# Have I been baptised?



## Scott Bushey (Sep 18, 2006)

This post is an off-shoot of Ben Duncan's recent thread entitled:

*Resources on why we accept any trinitarian baptism*

My position sides w/ Calvin et. al

as well, w/ this report:

MINORITY REPORT Ad Hoc Committee to Study the Validity of Certain Baptisms

This report can be found here:

http://www.pcahistory.org/pca/2-093.pdf

Have I been baptised?

~The above poll choices are actually my personal situation; they are not theoretical or fabrications.

[Edited on 9-19-2006 by Scott Bushey]


----------



## turmeric (Sep 18, 2006)

They're both valid, but you need to find a new church in both cases.


----------



## jaybird0827 (Sep 18, 2006)

> _Originally posted by turmeric_
> They're both valid, but you need to find a new church in both cases.

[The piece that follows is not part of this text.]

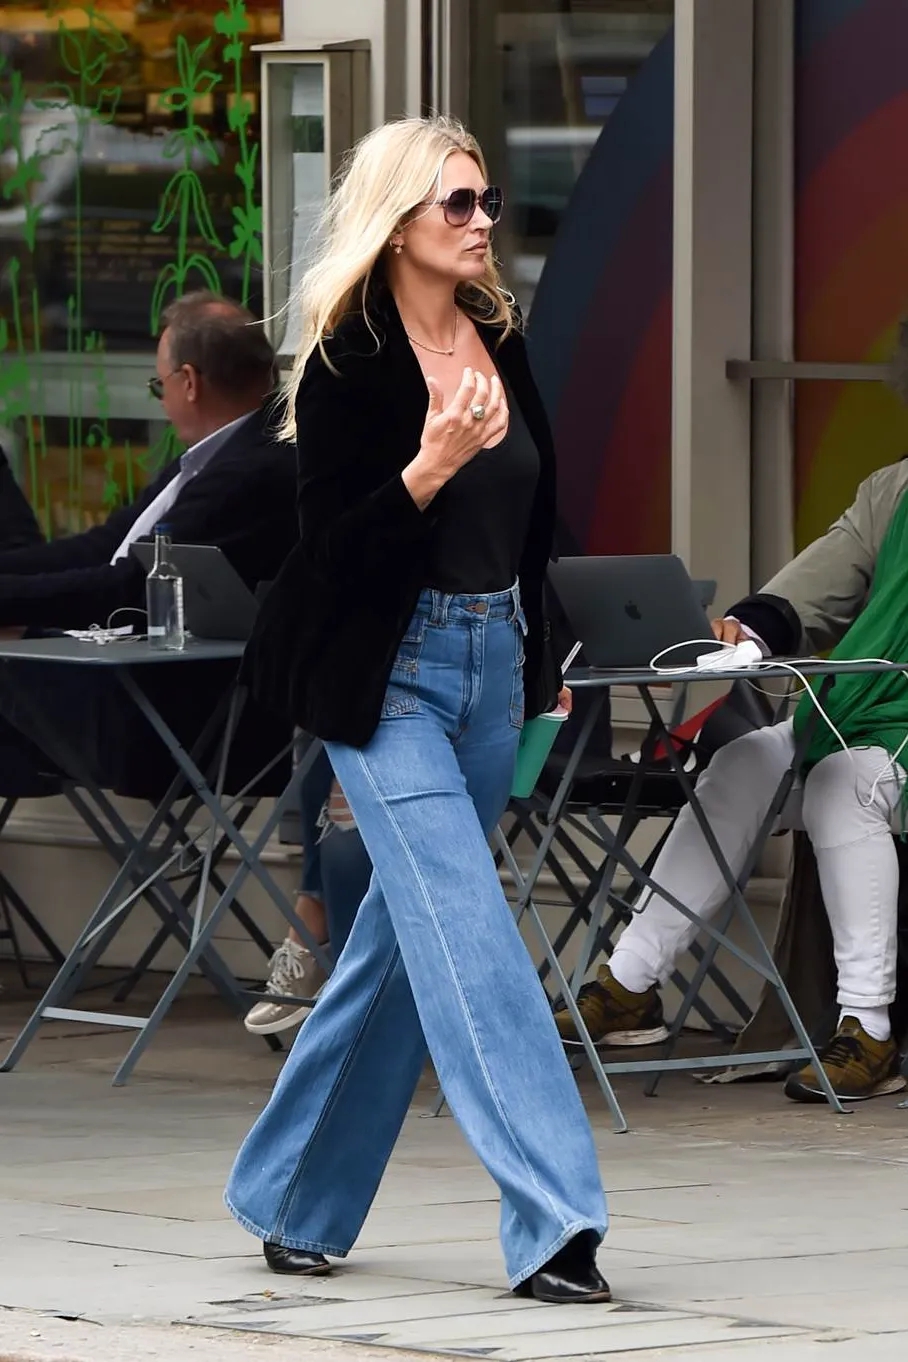 Đẳng cấp thời trang của Kate Moss ở tuổi U50: Phối đồ đơn giản vẫn chuẩn sang xịn mịn - Ảnh 7.

, and that goes for many of us who were baptized in liberal churches by modernist ministers.


----------



## WrittenFromUtopia (Sep 18, 2006)

Yes, Roman Catholic baptisms are valid. Any Nicenean creed church's baptism is valid. But, that is only the beginning.


----------



## SolaScriptura (Sep 18, 2006)

Nice, fair, options Scott!


----------



## rjlynam (Sep 18, 2006)

what Jay said.


----------



## non dignus (Sep 18, 2006)

I was baptized at the beach by a couple Navy buddies/brothers in Christ.

'trinitarian and valid.


----------



## Bladestunner316 (Sep 19, 2006)

I was baptized at my current church.


----------



## Scott Bushey (Sep 19, 2006)

> _Originally posted by SolaScriptura_
> Nice, fair, options Scott!



Ben, Those are MY choices. This is not hypothetical; this is truly my situation! I didn't word it any other way because thats accurate.


----------



## non dignus (Sep 19, 2006)

> _Originally posted by non dignus_
> I was baptized at the beach by a couple Navy buddies/brothers in Christ.
> 
> 'trinitarian and valid.



And the baptizer, Bob, was a Word of Faith disciple of Hagin and Copeland!


----------